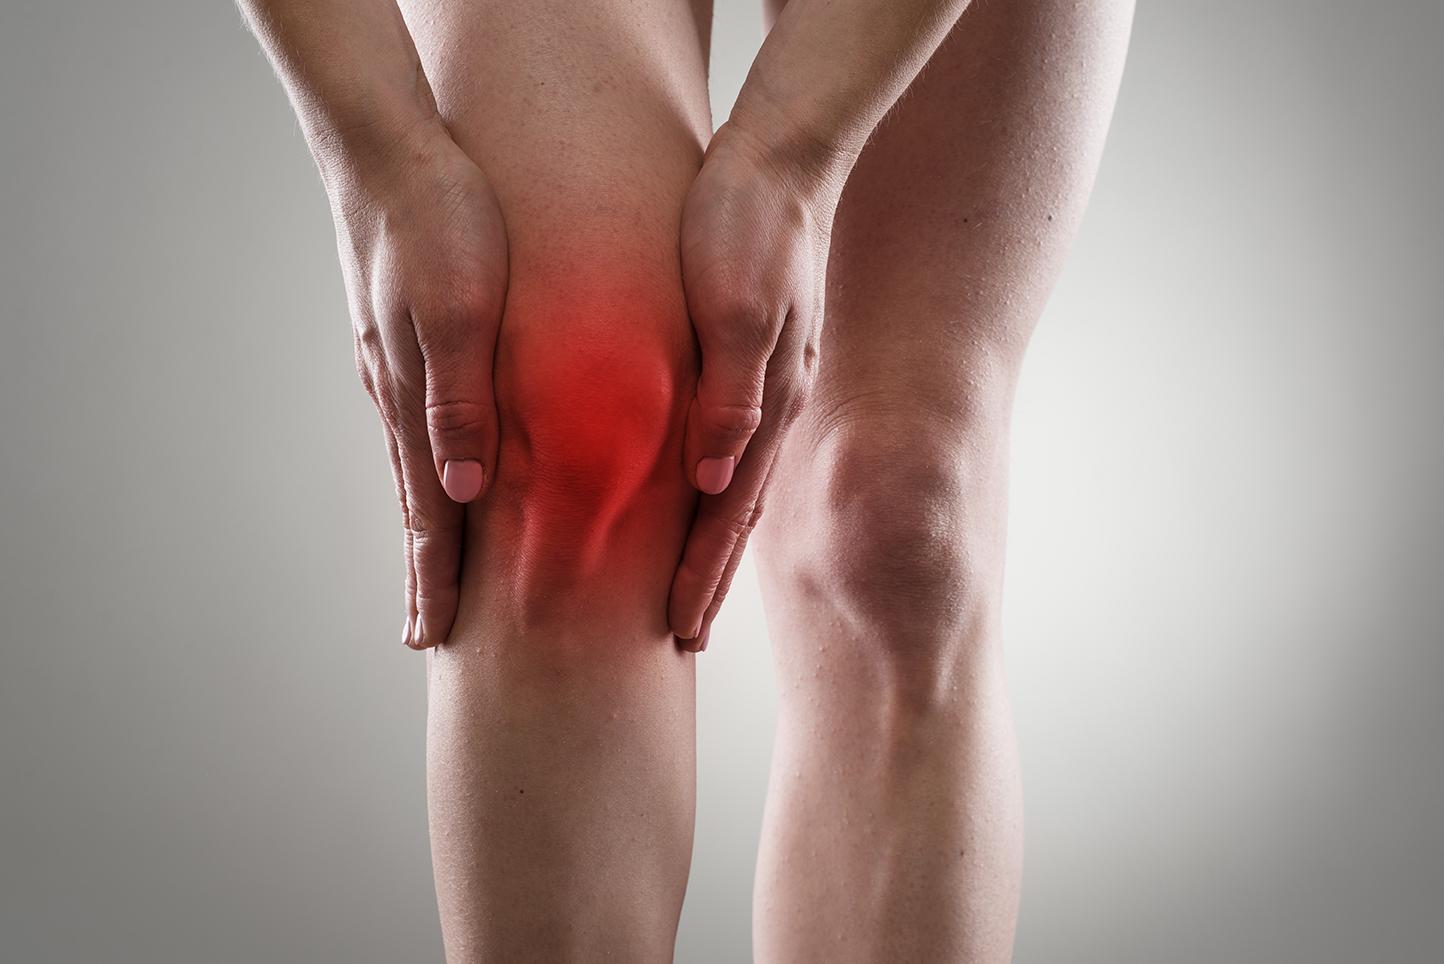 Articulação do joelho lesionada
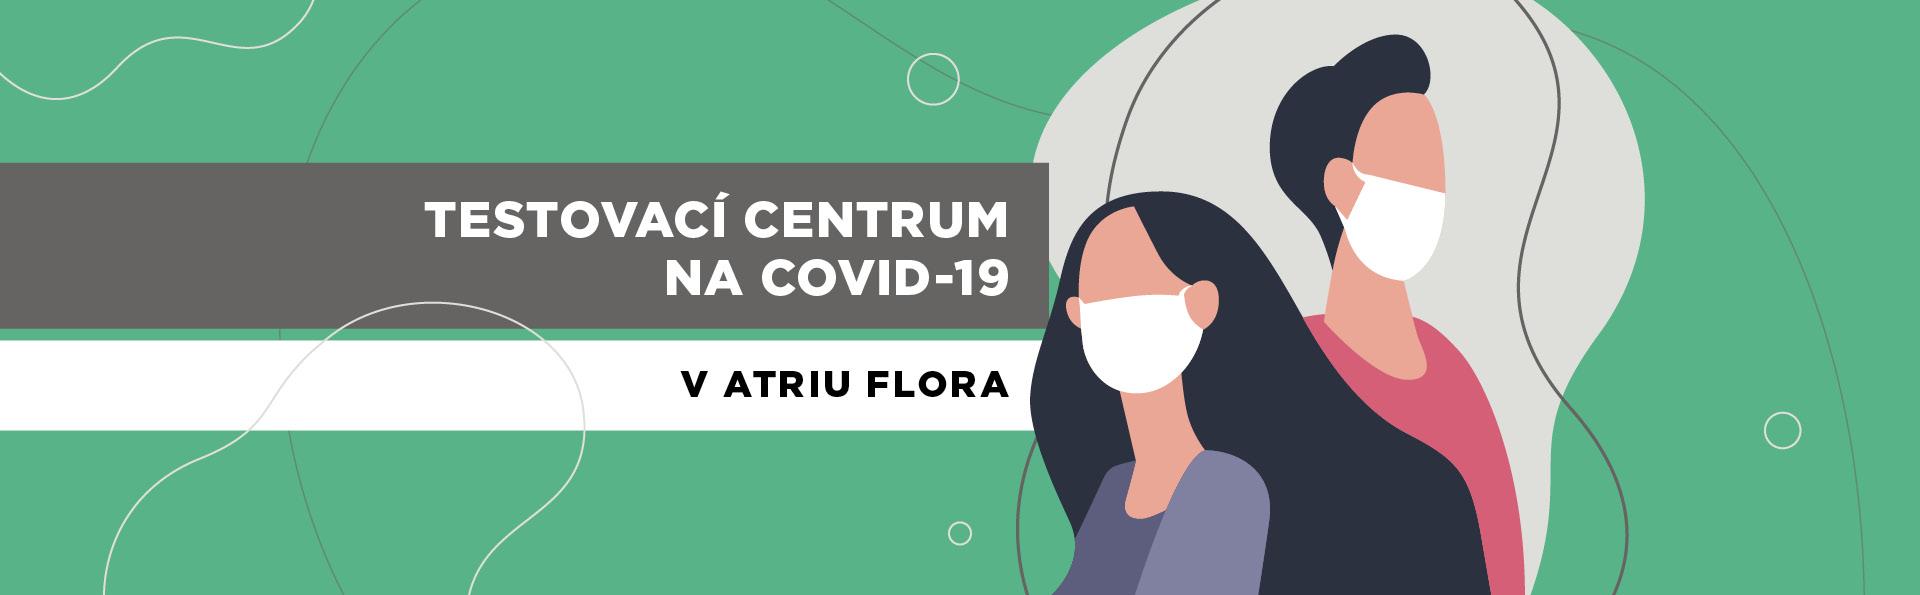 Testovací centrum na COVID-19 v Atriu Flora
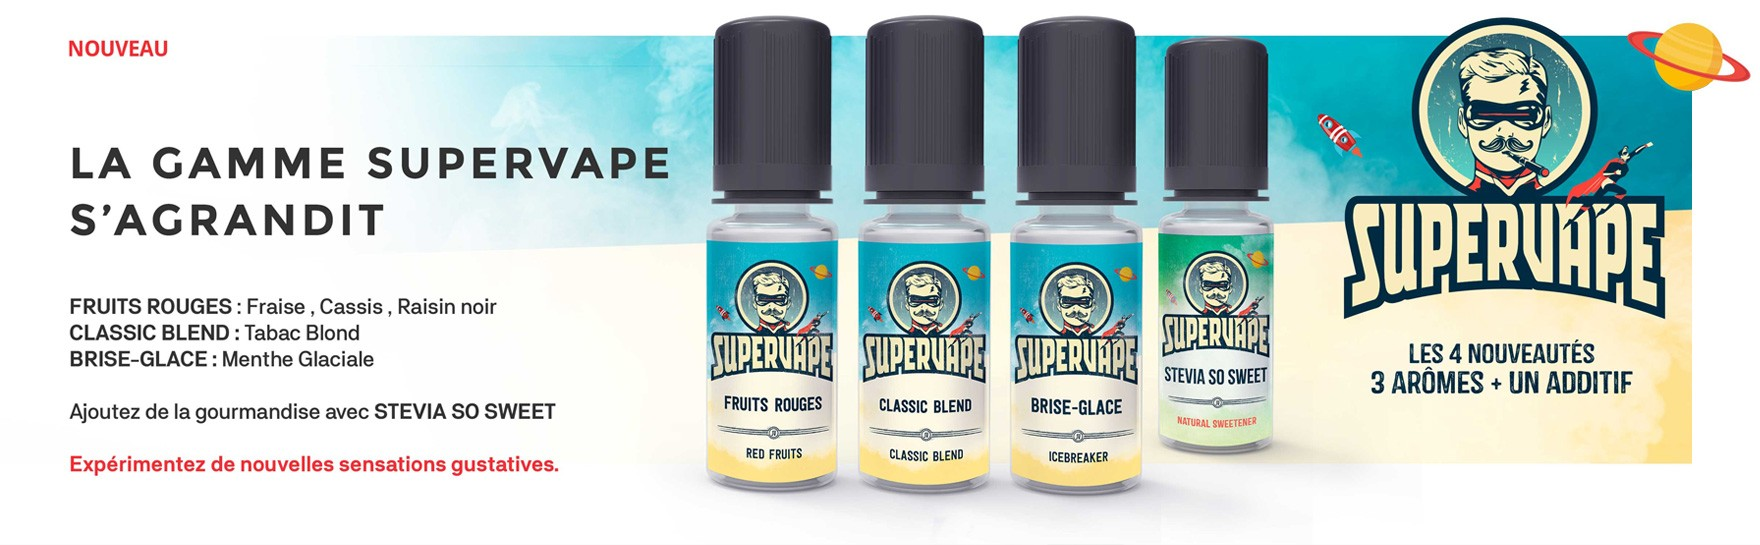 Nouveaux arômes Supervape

────────────────────────────────────────

== YOUR ASSIGNMENT ==
Print the data above in full and exactly as it appears, skipping the pictures.

== EXERCISE OUTPUT ==
 Articulação do joelho lesionada
 Testovací centrum na COVID-19 v Atriu Flora
 Nouveaux arômes Supervape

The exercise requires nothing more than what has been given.